## YOUR OBJECTIVE
Each line from the one with "BeerAndChips-Infographic-EN" through the last line below must be written out exactly. Do not copy pictures.

## DATA SHOWN
###

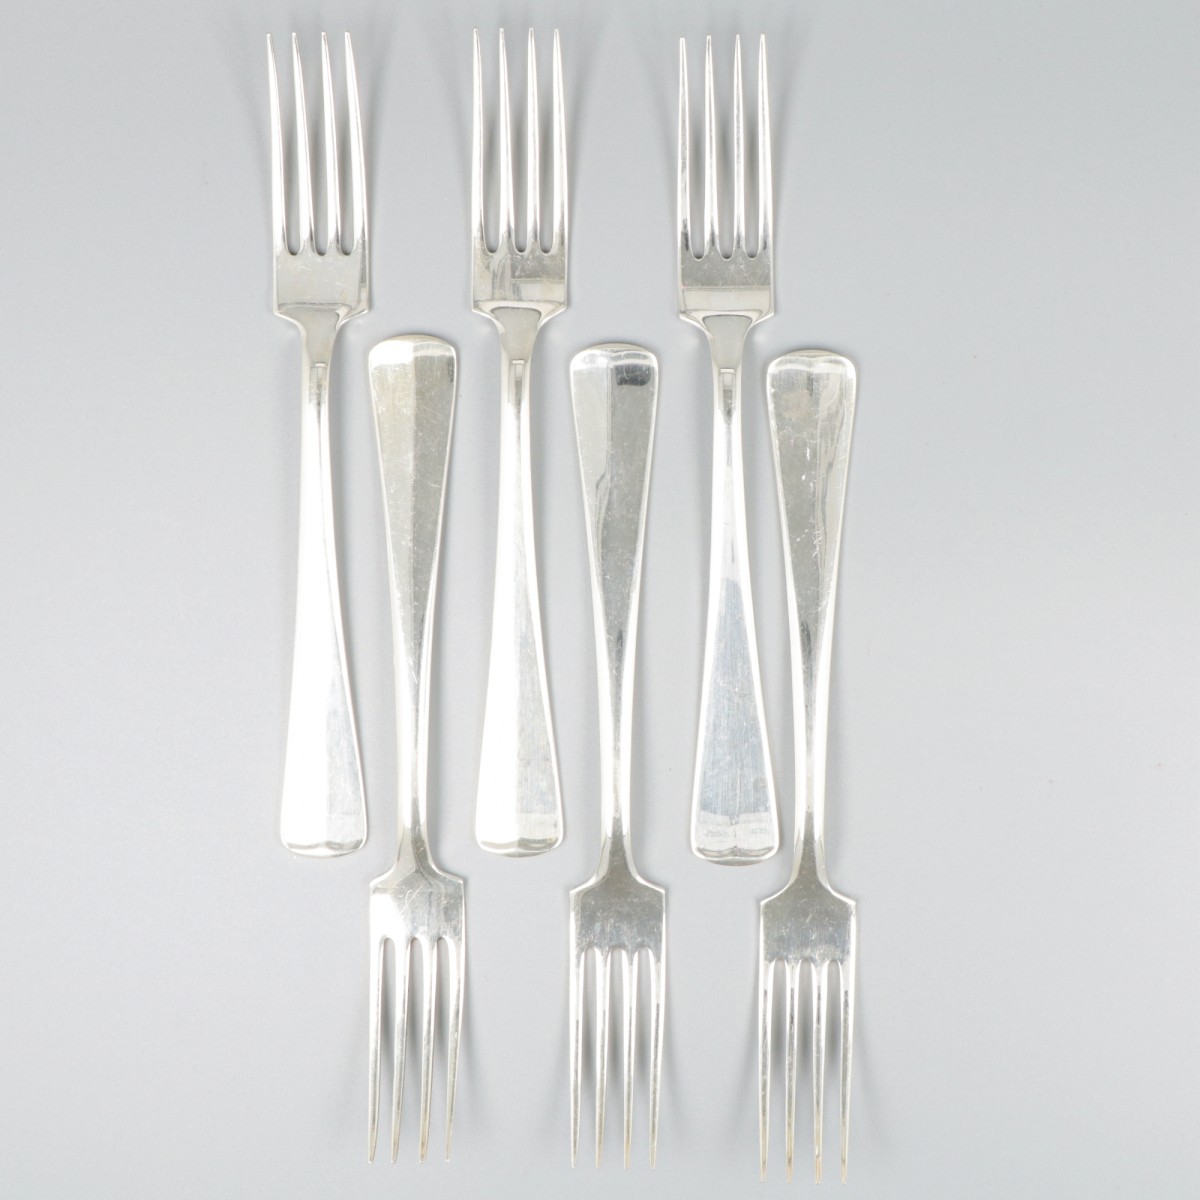 6-delige set vorken Haags lofje zilver.
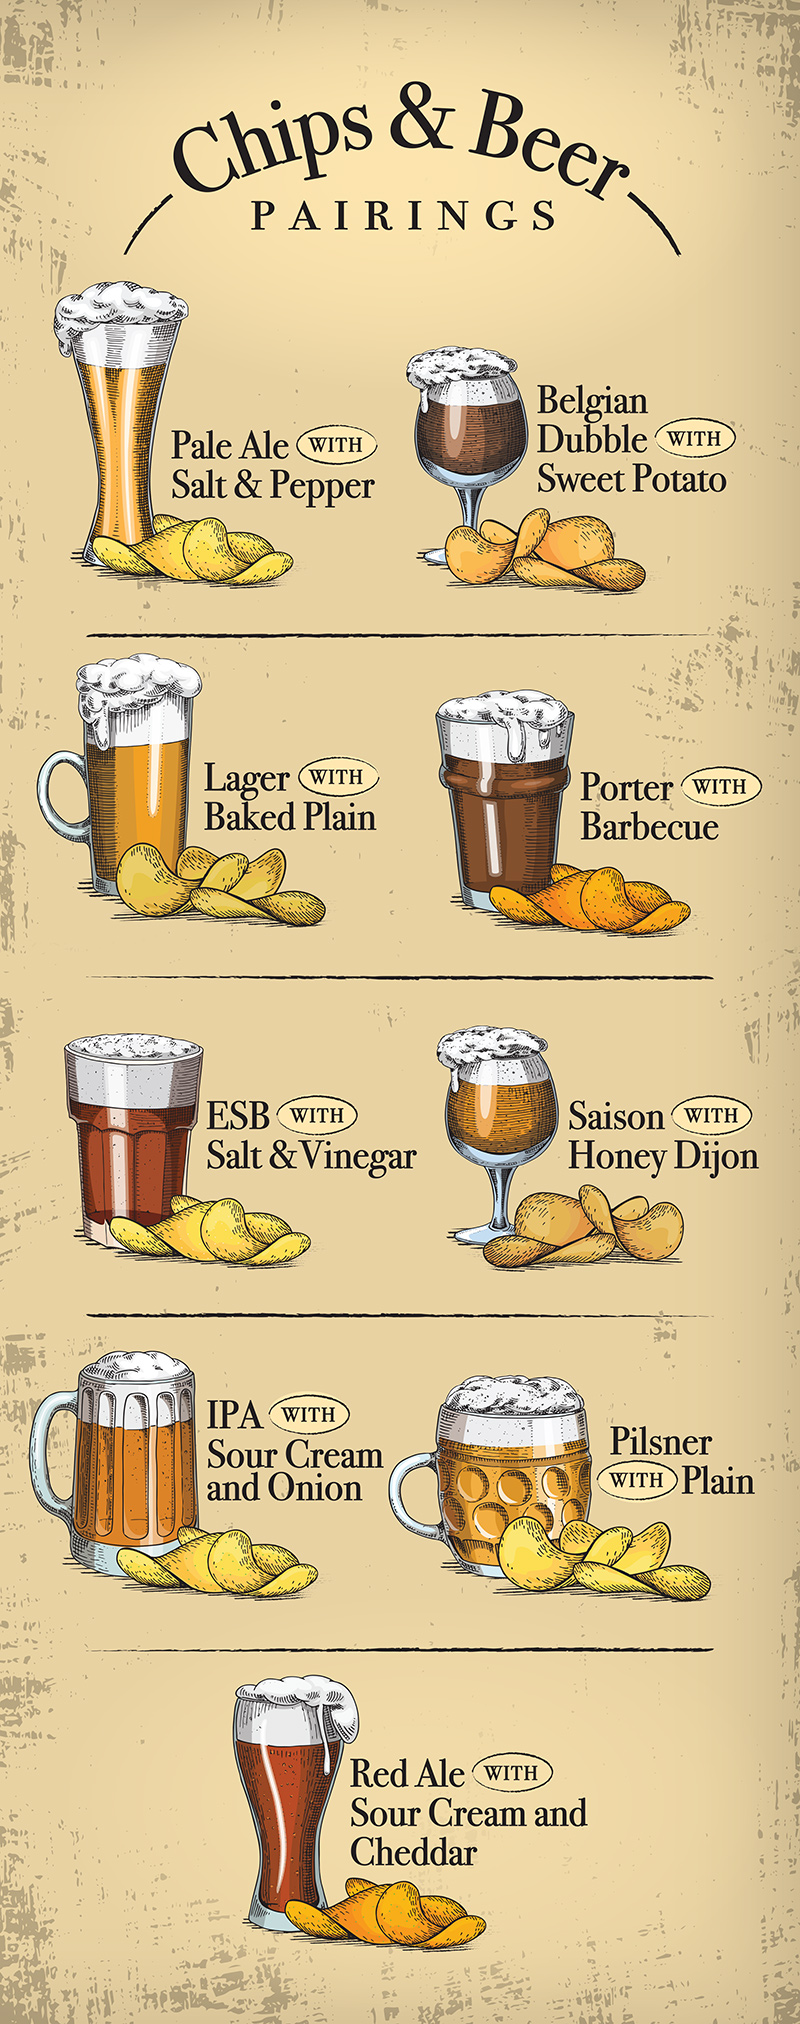 BeerAndChips-Infographic-EN
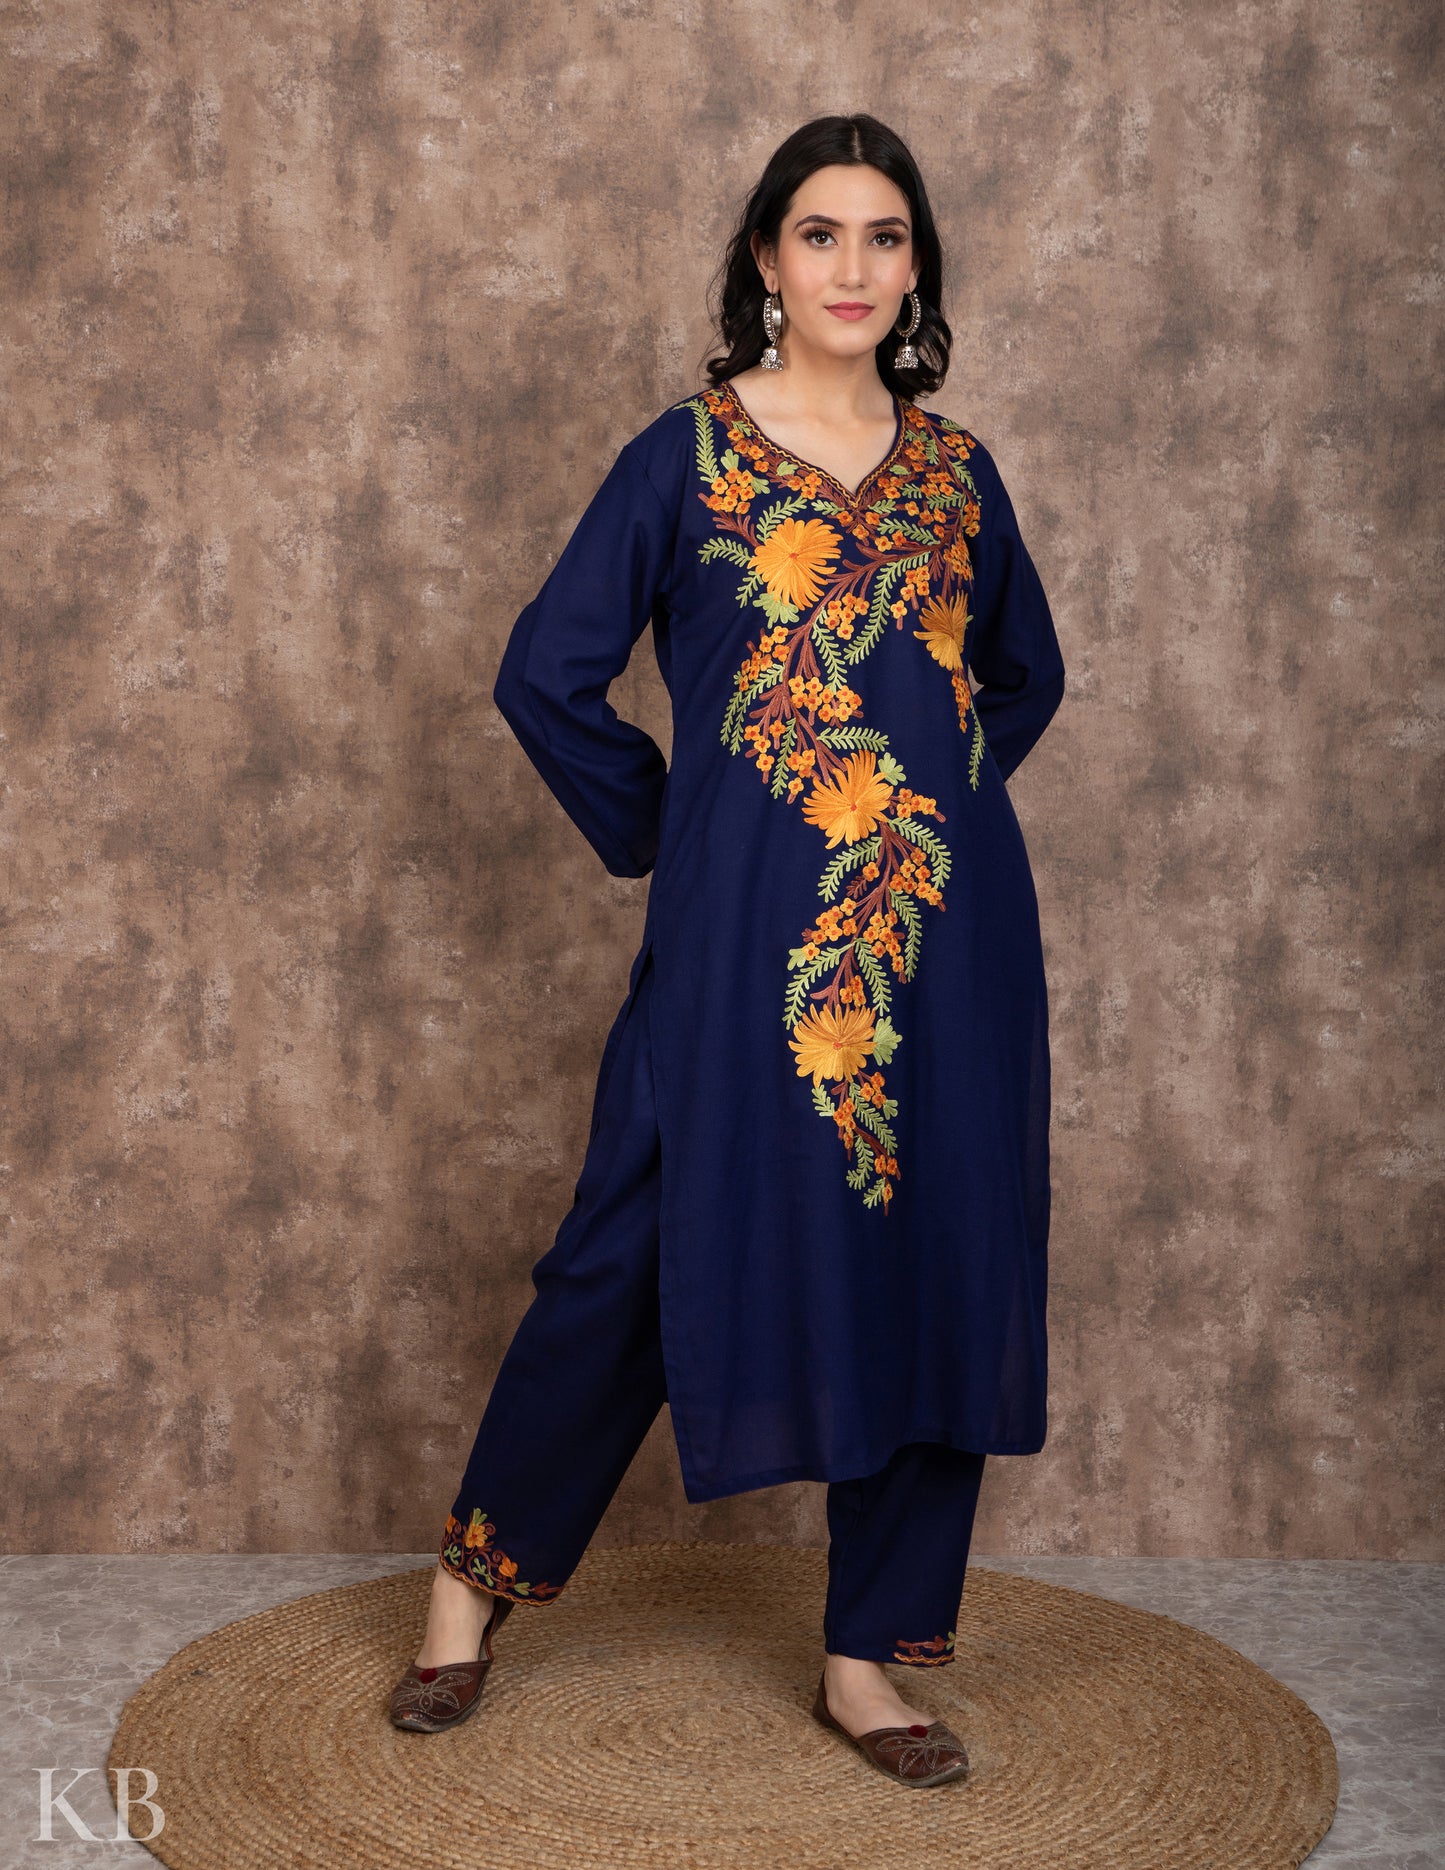 Floral Aari Dark Blue Cotton Suit - Kashmir Box
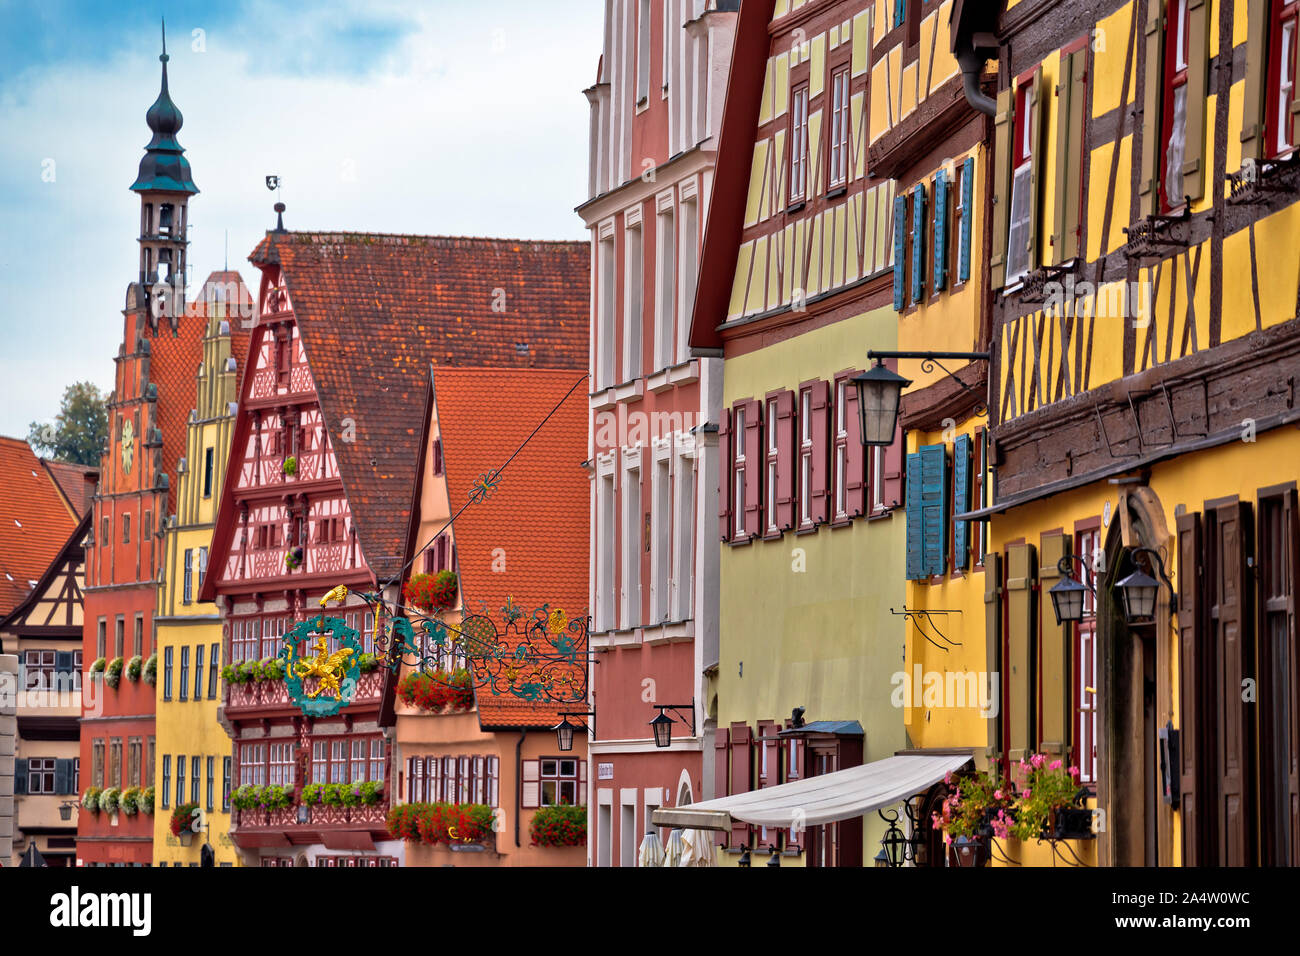 Allemand colorés façades de ville historique de Dinkelsbuhl, route romantique de la Bavière, région d'Allemagne Banque D'Images

###

## TASK SOLUTION
 BeerAndChips-Infographic-EN
 Floral Aari Dark Blue Cotton Suit - Kashmir Box
 Allemand colorés façades de ville historique de Dinkelsbuhl, route romantique de la Bavière, région d'Allemagne Banque D'Images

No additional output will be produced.